Open models are narrowing the AI gap, but data remains the moat

By NHI Mgmt Group Editorial TeamPublished 2026-04-15Domain: Agentic AI & NHIsSource: WorkOS

TL;DR: At HumanX 2026, Fireworks AI’s Rob Ferguson argued that open models are closing the performance gap with frontier systems while enterprise data remains the real competitive moat, with model ownership becoming more valuable as scale and cost pressures rise, according to WorkOS. The strategic question is no longer whether open models can compete, but whether organisations can govern the data and identity access behind them.

At a glance

What this is: This interview argues that open models are catching up fast, but differentiated enterprise data, not model architecture, is where durable advantage now sits.
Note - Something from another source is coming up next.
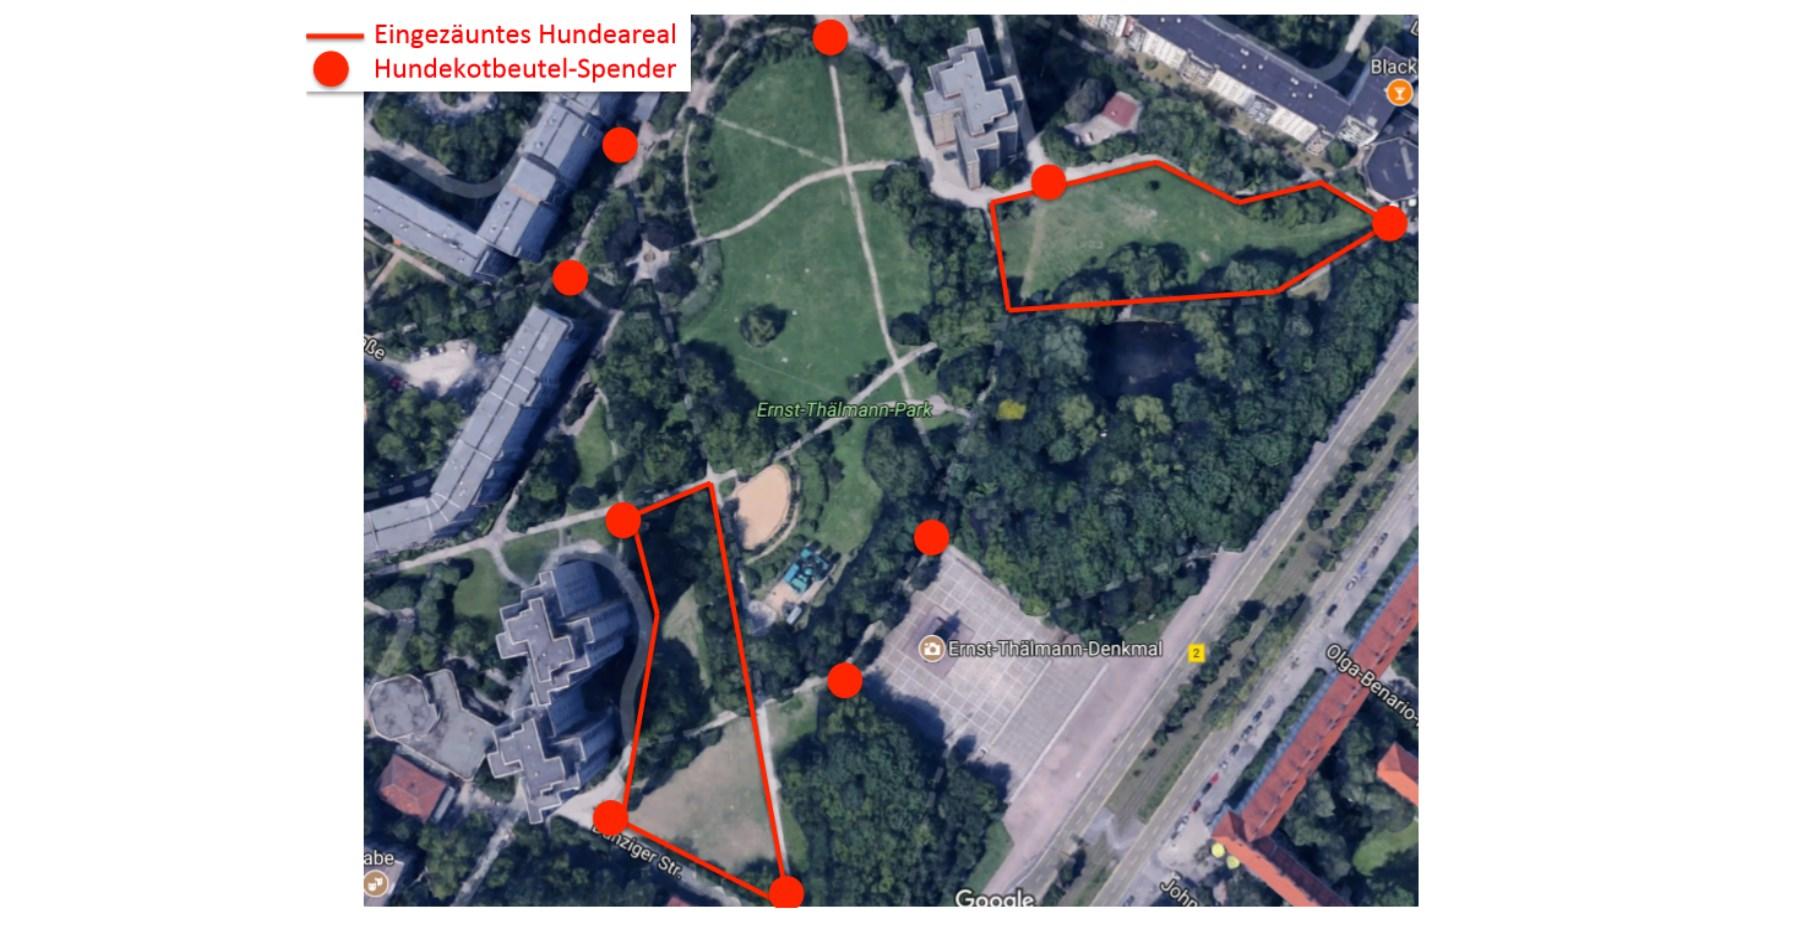 Zwei Auslaufgebiete fordert die Petition - und viele, viele Hundekotbeutelspender (Grafik: Fabian Kröll)

Why it matters: IAM teams need to treat model training data, code repositories, and tool access as governed identity surfaces because AI advantage now depends on who and what can reach them.

👉 Read WorkOS's interview on open models, AI ownership, and the data moat

Context

Open model adoption is increasingly an identity and governance problem, not just a model-selection problem. As enterprises move from using frontier models to owning and fine-tuning their own, the real control point becomes who can access training data, code repositories, and model weights.

The interview’s central claim is that model quality is converging while data access remains the differentiator. That shifts attention from architecture debates to the identity, access, and lifecycle controls around the data that shapes model behaviour.

Key questions

Q: How should security teams govern access to AI training data?

A: Security teams should treat AI training data as a privileged asset and apply least privilege, ownership, and review cycles to every identity that can read, export, or transform it. The focus should be on the pipelines that create model behaviour, not just the model runtime. If data access is broad, the AI programme inherits unnecessary exposure.

Q: Why does enterprise data matter more than model architecture for AI strategy?

A: Enterprise data matters because general model capabilities are converging, while proprietary data remains the durable source of differentiation. A company can buy or run similar models to its peers, but it cannot easily replicate its internal context, workflows, and code. That makes data access governance the real strategic control point.

Q: What breaks when AI model ownership is separated from access governance?

A: Model ownership becomes superficial when the organisation cannot control who can feed, change, or exfiltrate the data behind the model. In that case, the company may own the weights but still lose the advantage embedded in training inputs, evaluation sets, and operational context. The result is capability without durable control.

Q: How can organisations know if their AI data moat is actually protected?

A: They should test whether the most valuable datasets are reachable only by the identities that genuinely need them, and whether those entitlements are reviewed when roles change. If many users, services, or vendors can reach the same data without clear purpose, the moat is already weakened. Governance must be measurable, not assumed.

Technical breakdown

Why open model performance is converging

Open models narrow the gap when common training data, shared research patterns, and fast iteration compress the distance between releases. In practice, this means benchmark parity does not guarantee strategic parity. The model itself may be cheaper and good enough, but its real value depends on whether it can be specialised to a company’s own data and workflows. For IAM and security teams, that means the governance problem moves upstream from inference to the sources that feed model development.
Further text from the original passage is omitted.